Steve Ravic (born November 19, 1973) is an Australian film director, producer and editor, who is also known for his work in the music industry and public speaking and mentoring engagements.

After a career in investigative journalism and producing public television and radio, Ravic went on to create live concert coverage, music videos and feature ‘rockumentary’ films internationally since the 1990s.

He has collaborated with Neil Johnson on several film and music related projects and worked with various music artists all over the world including Edguy, Doro, Manowar, Gamma Ray, Rhapsody, Destruction, The Poodles, Dungeon, Paragon, Black Majesty and Thompson.

Having branched out from music related projects, Ravic began to focus on feature films, most recently working with artist Charles Billich on the documentary Billich: Beyond the Canvas and biopic My Way as well as action/thriller Hotel Underground.

Early life 
Ravic was (born Stipe Ravic on November 19, 1973) in the western suburbs of Melbourne, Australia to Croatian immigrants that fled  Yugoslavia. Ravic was raised in St. Albans (a suburb of Melbourne). Ravic grew up in and has become a prominent and active member of the Croatian diaspora community in Australia and has worked with numerous notable Australian Croatians as well as Croatians abroad.

Career 

In 2003 Ravic promoted a tour for German Metal singer Doro and also co directed and co-produced Doro: Für Immer (2003) and Doro: 20 Years Anniversary, A Warrior Soul (2006), originally broadcast on German TV and released on DVD in 2006.

In 2005/2006, Ravic was recruited by the Australian Government to be a peer / advisor for the Australia Council For The Arts. His duties included reviewing grant applications and providing professional advice on projects related to international touring for bands.

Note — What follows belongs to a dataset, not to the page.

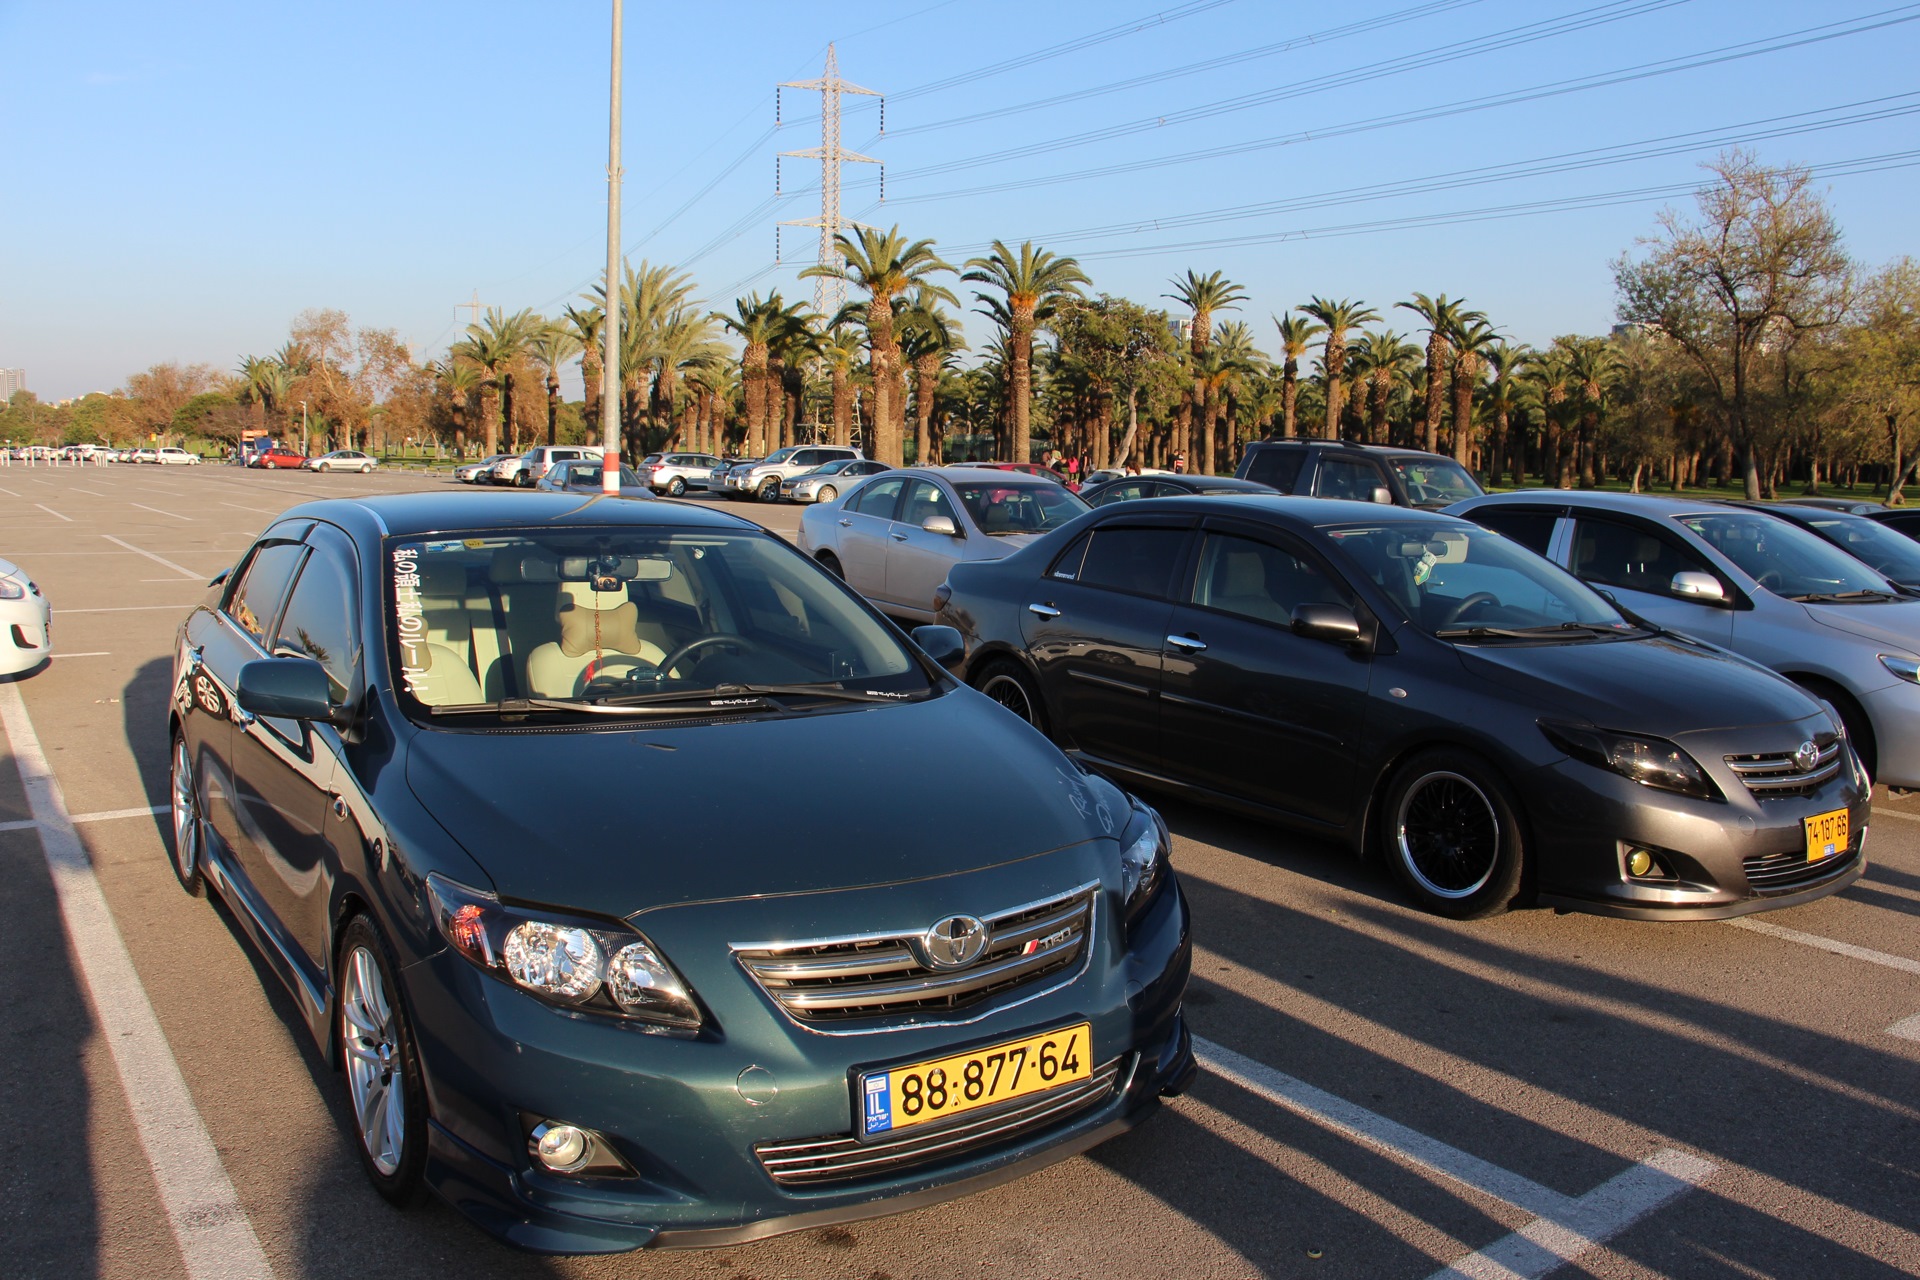 Пдд в израиле в  2021  году: общая информация для автомобилистов
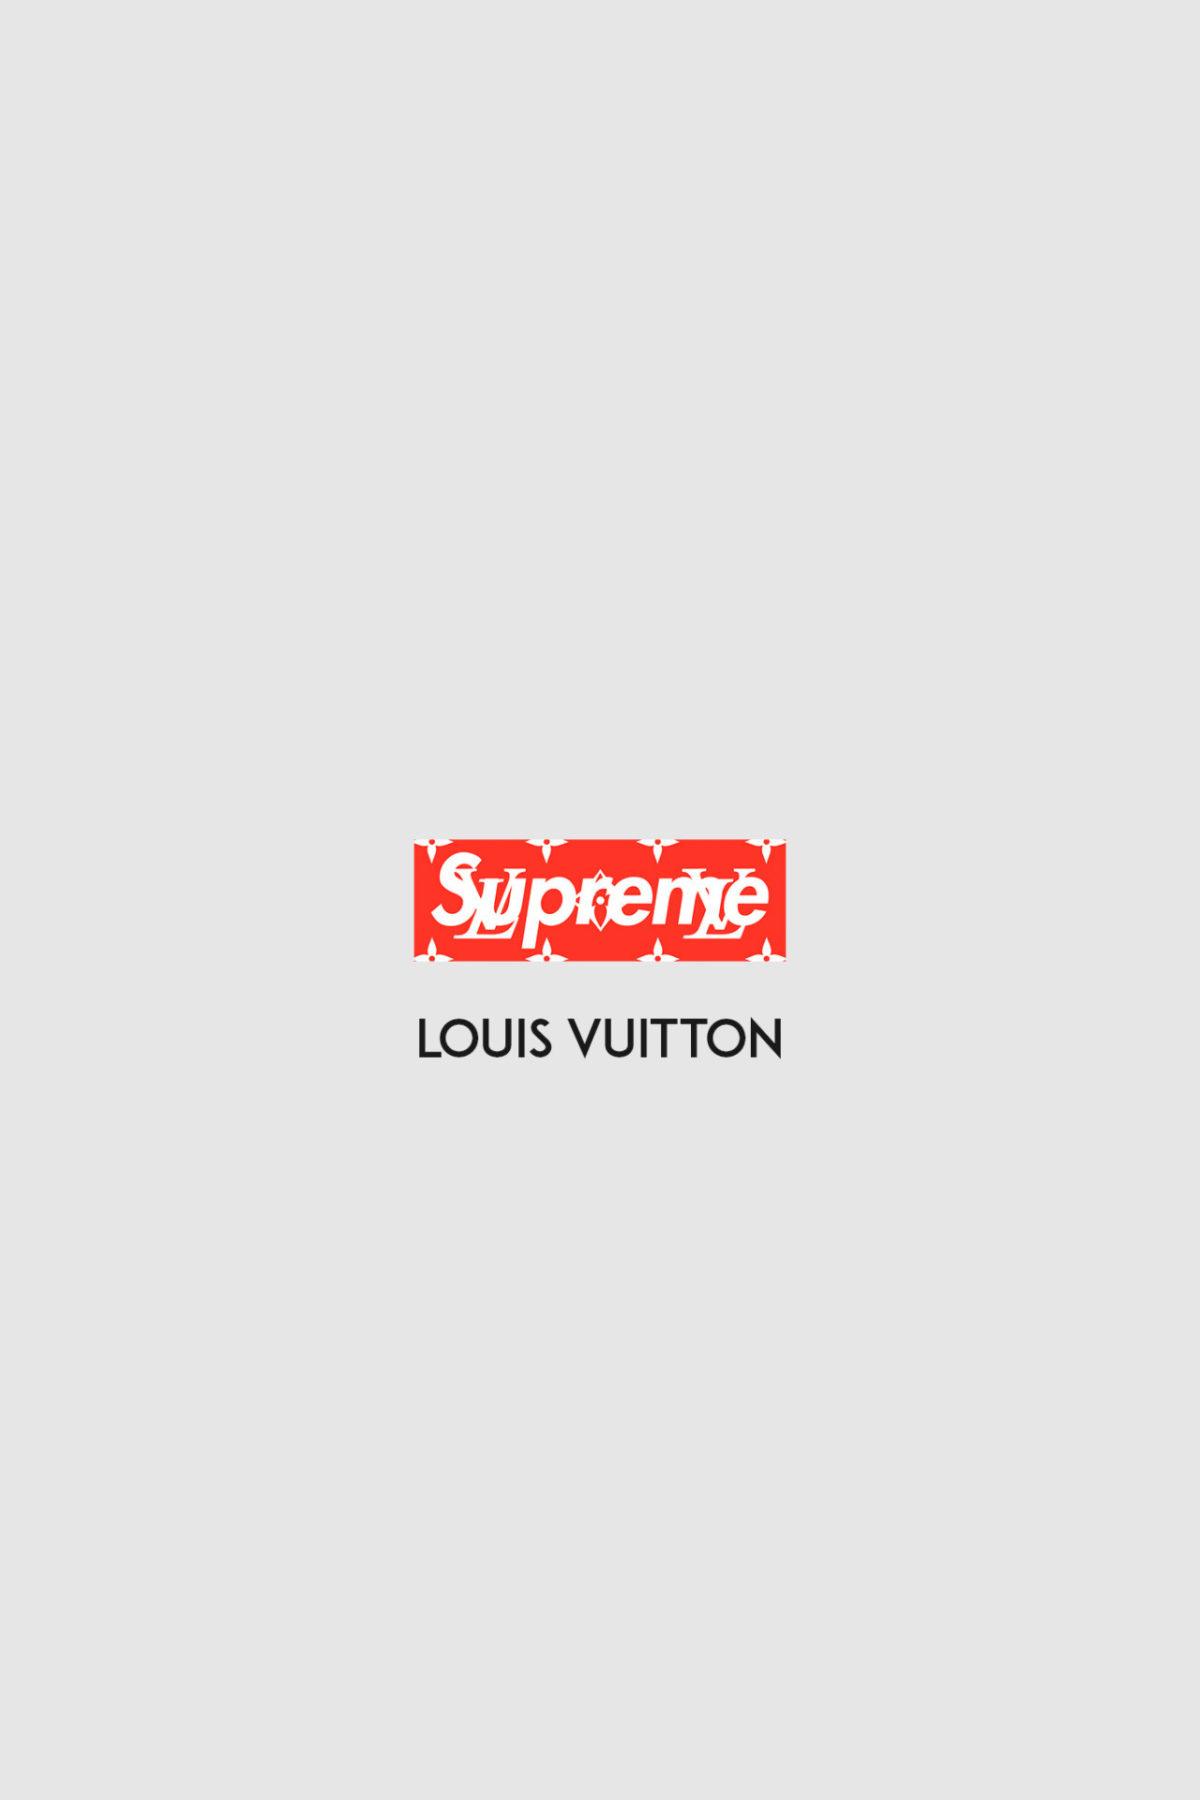 Supreme x Louis Vuitton wallpaper

Ravic eventually resigned his position to be able to focus on the his own projects.

In 2007, Ravic completed his first feature film Metal Warrior an off-beat street drama directed, written by and starring himself which was released theatrically in Australia in 2011.

In 2010 Frontier Records released Ravic's documentary on The Poodles, The Poodles: In The Flesh which released to awards and critical acclaim.

In 2016, Ravic completed comedy film Diary of a Fatman a comedy film starring Steven Haar which won several awards.

Most recently Ravic has completed a documentary on Charles Billich, Billich: Beyond The Canvas which premiered at the Cannes Film Festival Marche in 2019.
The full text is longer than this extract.